One helpful way to deal with feeling guilty about not exercising or feeling extremely compelled to started exercising again is to find some friends who aren’t big on exercise. This doesn’t mean you have to dump your friends who are extremely fit, but there are people out there who aren’t particularly interested in physical fitness and are perfectly happy with their lives. I am a big proponent of distract until you’re in a healthier place, and finding people who will encourage you to do other types of fun and interesting things, model other versions of healthiness and happiness, and generally not bring up exercise as something you have to do is a great way to build a life that doesn’t circulate around exercise.

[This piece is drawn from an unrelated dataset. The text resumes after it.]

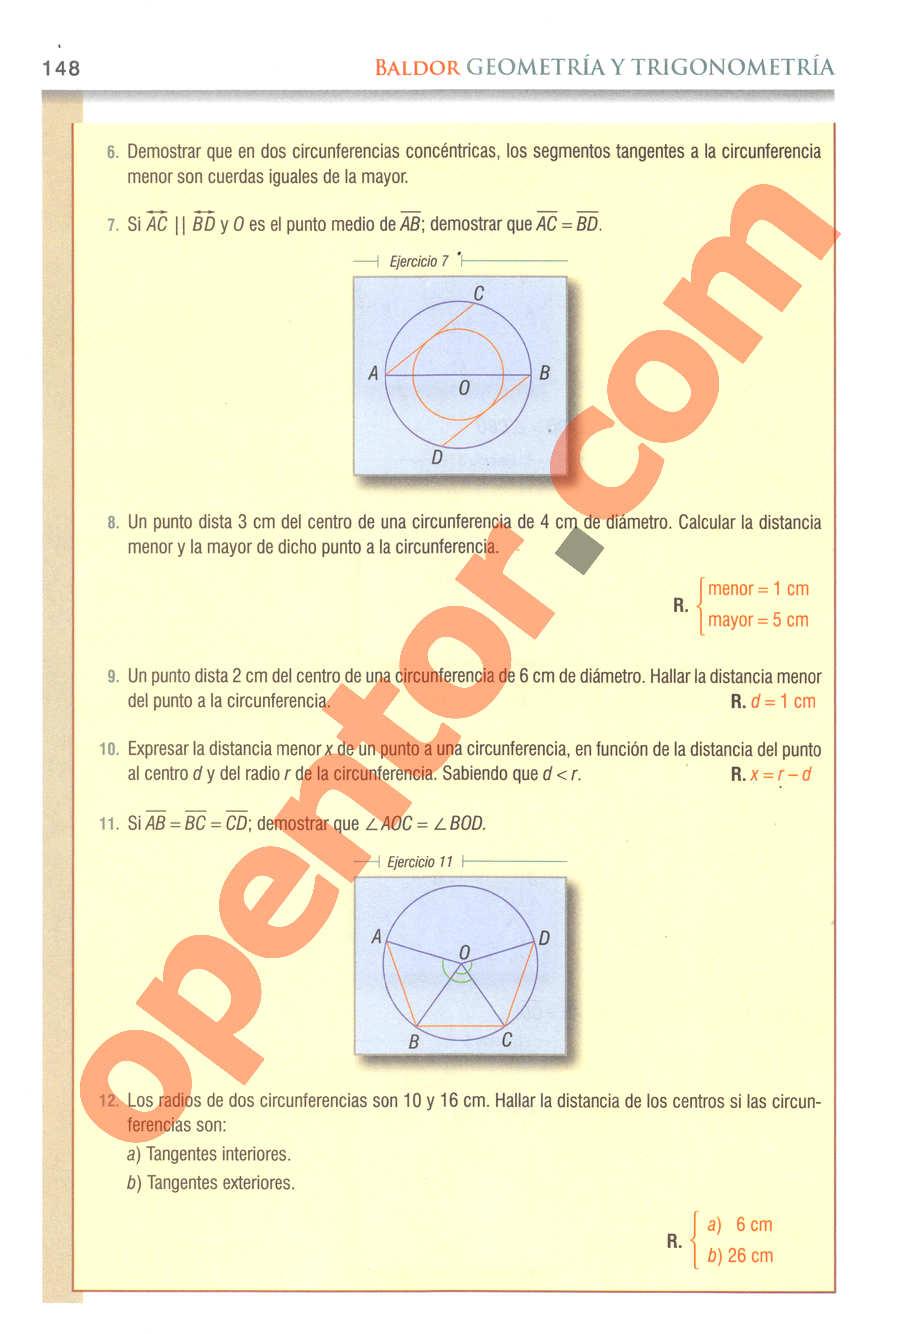 Geometría y Trigonometría de Baldor - Página 148

The final, and perhaps most difficult thing to do if you’re working on overexercise is to make sure that you’re not paying any money for exercise. What I mean by that is if you’re paying for a gym membership or classes or a personal trainer: stop. I’ve found that when I’m shelling out money I feel obligated to “get my money’s worth”. You can always go to the local rec center and swim some laps or go for a run or a bike ride. But those ongoing expenses are a constant pressure to get to the gym and make it worth it and I’ve found that pressure nearly unbearable.

Of course all of these are just suggestions that I have found helpful, and won’t work for everyone. I’d love to hear other suggestions in comments, especially from those who have found an exercise regime that works for them.